The railway between Jakarta and Anyer Kidul is a railway connecting several places in the province of Banten to Jakarta, the capital city of Indonesia. It was constructed between 1899 and 1900 in the Dutch colonial age, during which it was also known as the Banten railway (Bantamlijn).

==History==
The public railway company Staatsspoorwegen constructed the line in 1899 and 1900 as part of the Western Railways (Westerlijnen) to enhance connectivity with western Java.
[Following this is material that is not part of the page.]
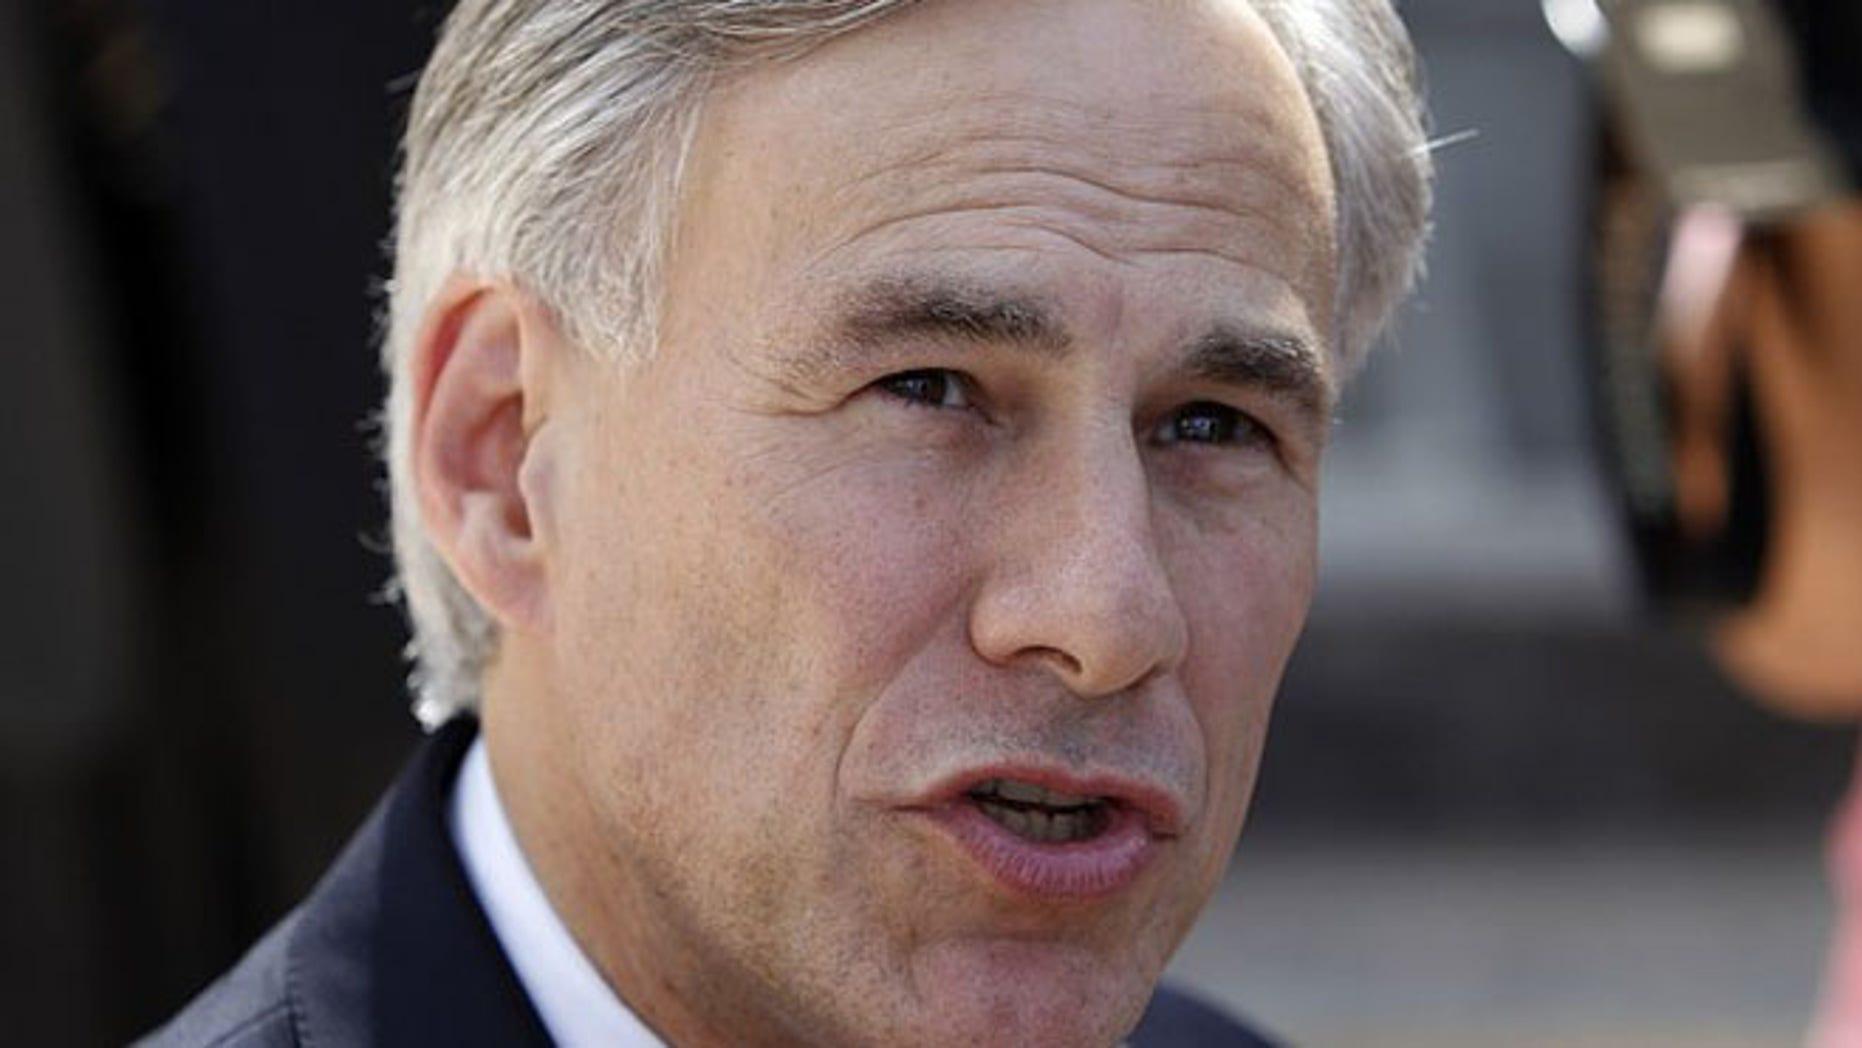 Texas Gov. Greg Abbott has signaled he will sign the gun law.
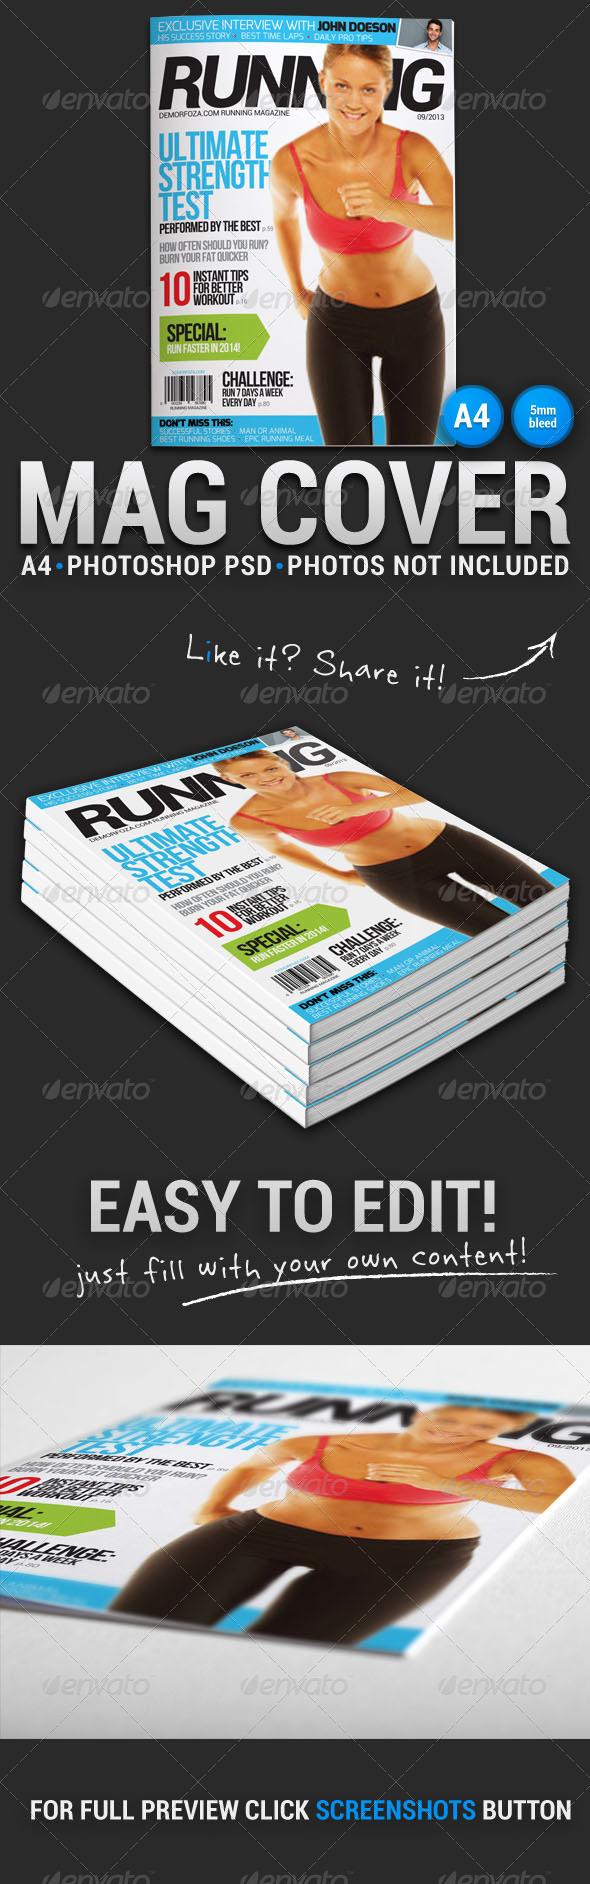 Magazine Cover 6

On 2 January 1899, the first part was opened between Batavia Zuid (Jakarta Kota) and Tangerang. Until 12 September 1923, this line started from Batavia Zuid, headed west across the street via Pasar Pagi (current day Petongkangan street), turned south to Angke after which the railway followed the current route via Duri. Due to the narrow streets downtown, the new railway from 1923 went around the city on partially elevated tracks. The original plan for this included a rail curve starting from Batavia station going east and curving 180° north- and westwards. Because of the higher costs however, the line was to go east to Kampung Bandan after which trains would have to revert onto the new railway going northwest around the old downtown area. This is the situation as it remains today.

The railway stretch from Duri to Rangkasbitung was completed on 1 October 1899, to Serang on 1 July 1900, and the final extension to Anyer Kidul on 20 December 1900.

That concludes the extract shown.